His mother also died.
Two children
from one family
Early pioneer women had a child approximately every 26 to 30 months.  According to the Indiana Historical Society, “Over sixty percent had six to nine children, thirty percent had ten or more, and only ten percent gave birth to less than six children in their lifetime. According to 1840 census figures, women in Hamilton County, Indiana had an average of eight children during their lifetime.”

Mother and baby
floating on cloud
Mother portrayed as an angel
carrying her baby away
During that time, mothers fared little better.  Puerperal fever, an infection of the uterus, usually contracted after delivery and caused by doctors and midwives not washing their hands, was the main cause of death during childbirth in the eighteenth and nineteenth centuries.  Breech births also added to the toll, compromising mother and infant. A breech birth sometimes led to unstoppable bleeding in the mother and suffocation of the baby.
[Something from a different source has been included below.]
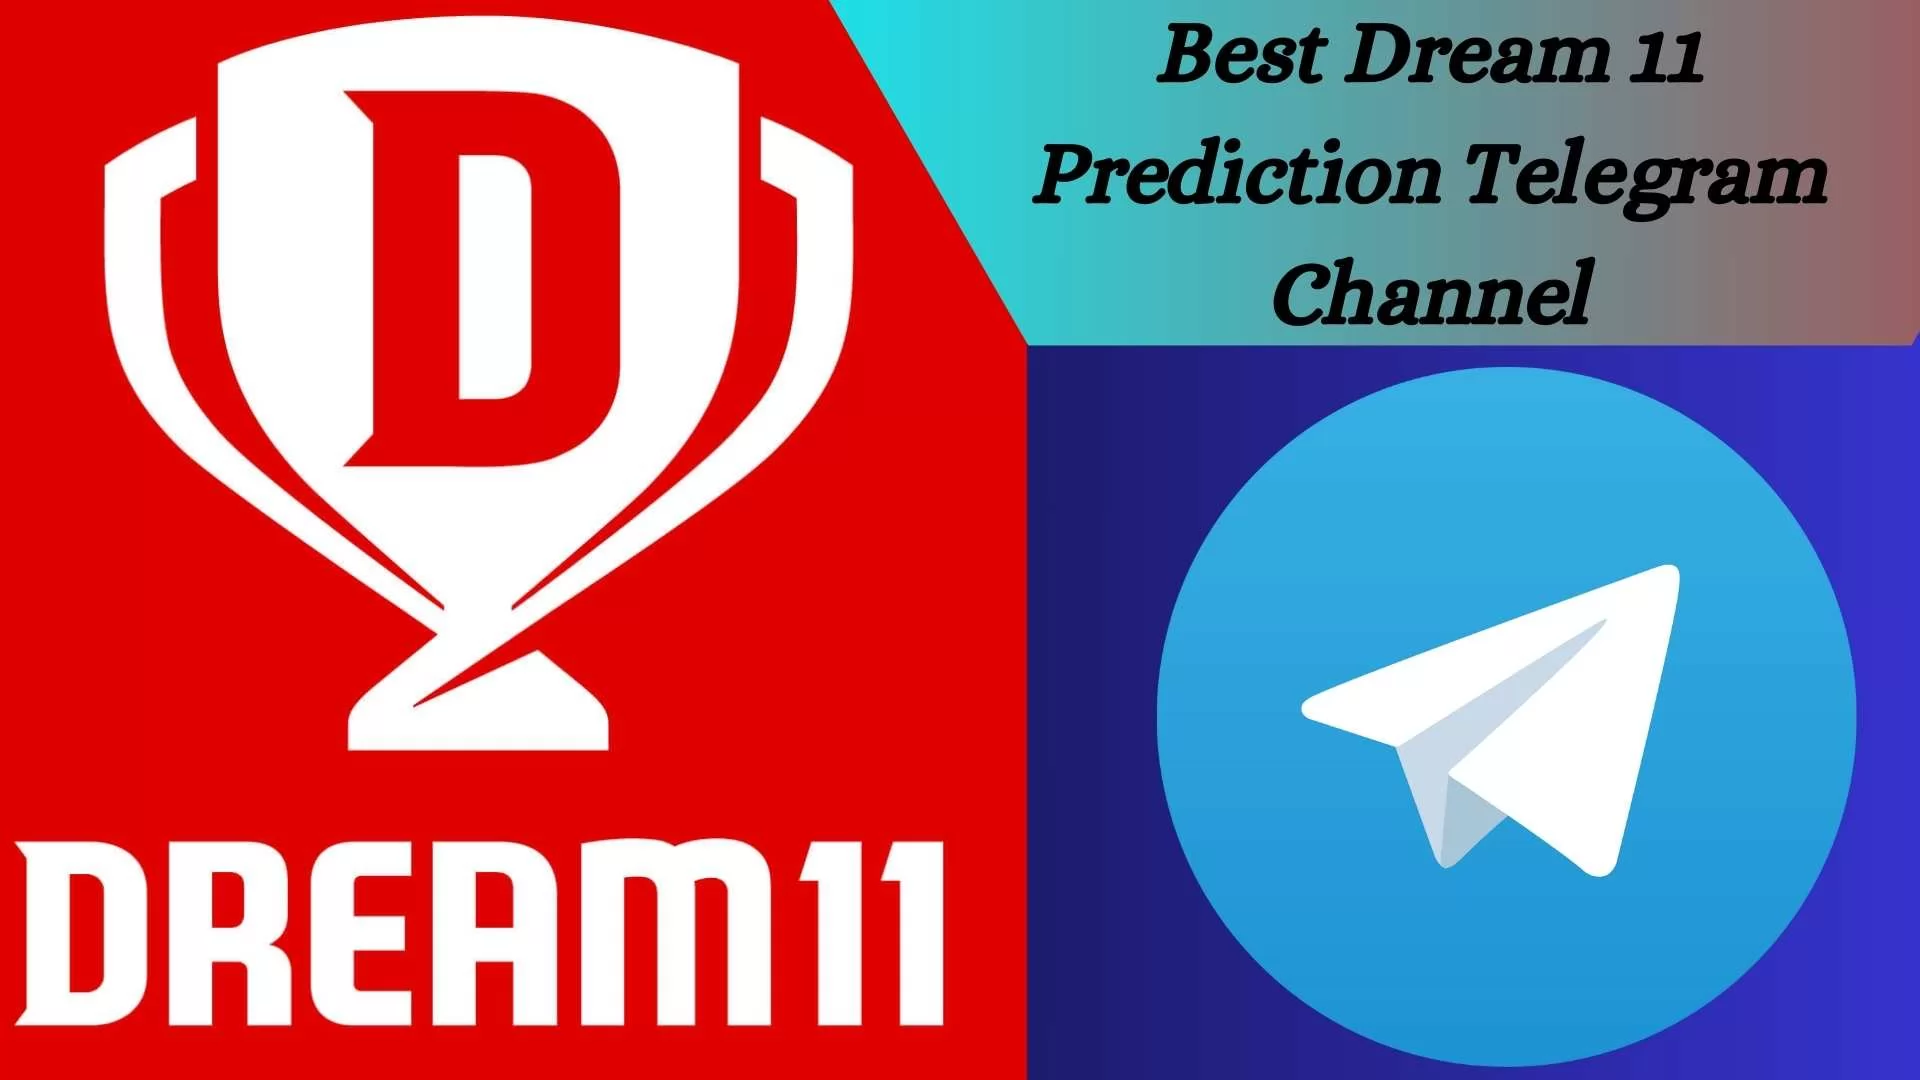 Best Dream 11 Prediction Telegram Channel

Four lambs signify the deaths
of four children
Child who died before
leading infant to heaven
Living conditions in the U.S. inner cities were terrible and also contributed to high infant mortality rates.  Poverty brought on unclean living conditions, a lack of sanitation, and the quick spread of disease from one to another.  All of these conditions made inner city infant mortality rates around 30%. It took a better understanding of what roles sanitation and prenatal health played in order to enact such regulations as the 1897 New York law mandating that children be vaccinated against smallpox. 

Infant daughter
Infant son
It's interesting to note that many infants were not named when they were born.  Some were not given a name until they had reached that crucial first birthday.  If a baby died during the first few days of life, it was probably not named.  There are many stones in the cemetery, which are only identified as “Infant,” or “Baby.”  Many times gender was not indicated.   Parents and family members simply referred to the infant as he or she, waiting to see if it would survive.  The longer an infant survived, the more likely it went through the naming and baptism ceremonies.  Although this seems cold by today’s standards, it could be argued that by not naming an infant, whose rate of survival was only 70 to 75%, parents and family members were able to remain somewhat detached, finding a coping mechanism of sorts, in the lose of so many children in one family.

Only a first name
Only parents identified
In 1900, the rate of infant survival was still only 80% - with a 20% expectancy that the infant would not make it to the age of 10.  Once a child reached tens years of age, he or she still had only a 60% chance to reach adulthood.  Causes remained the same, poor nutrition, infectious diseases and sanitation.  Once doctors understood what caused cholera, small pox, scarlet fever, tuberculosis, whooping cough, diphtheria and polio, and how these diseases were spread, cures were embarked upon.

Child's stone
It is amazing, and sobering, to realize how many families lost children from the settling of this country, up to the mid-1900’s.  And while we in the U.S., Canada, and Europe, have seen those numbers drastically reduced within the past 60 years, other countries such as  Angola, Afghanistan and Nigeria continue to have high infant mortality rates due to a lack of sanitation, poor nutrition and the spread of infectious diseases.  Let us hope it does not take another sixty years for changes to be made in those countries.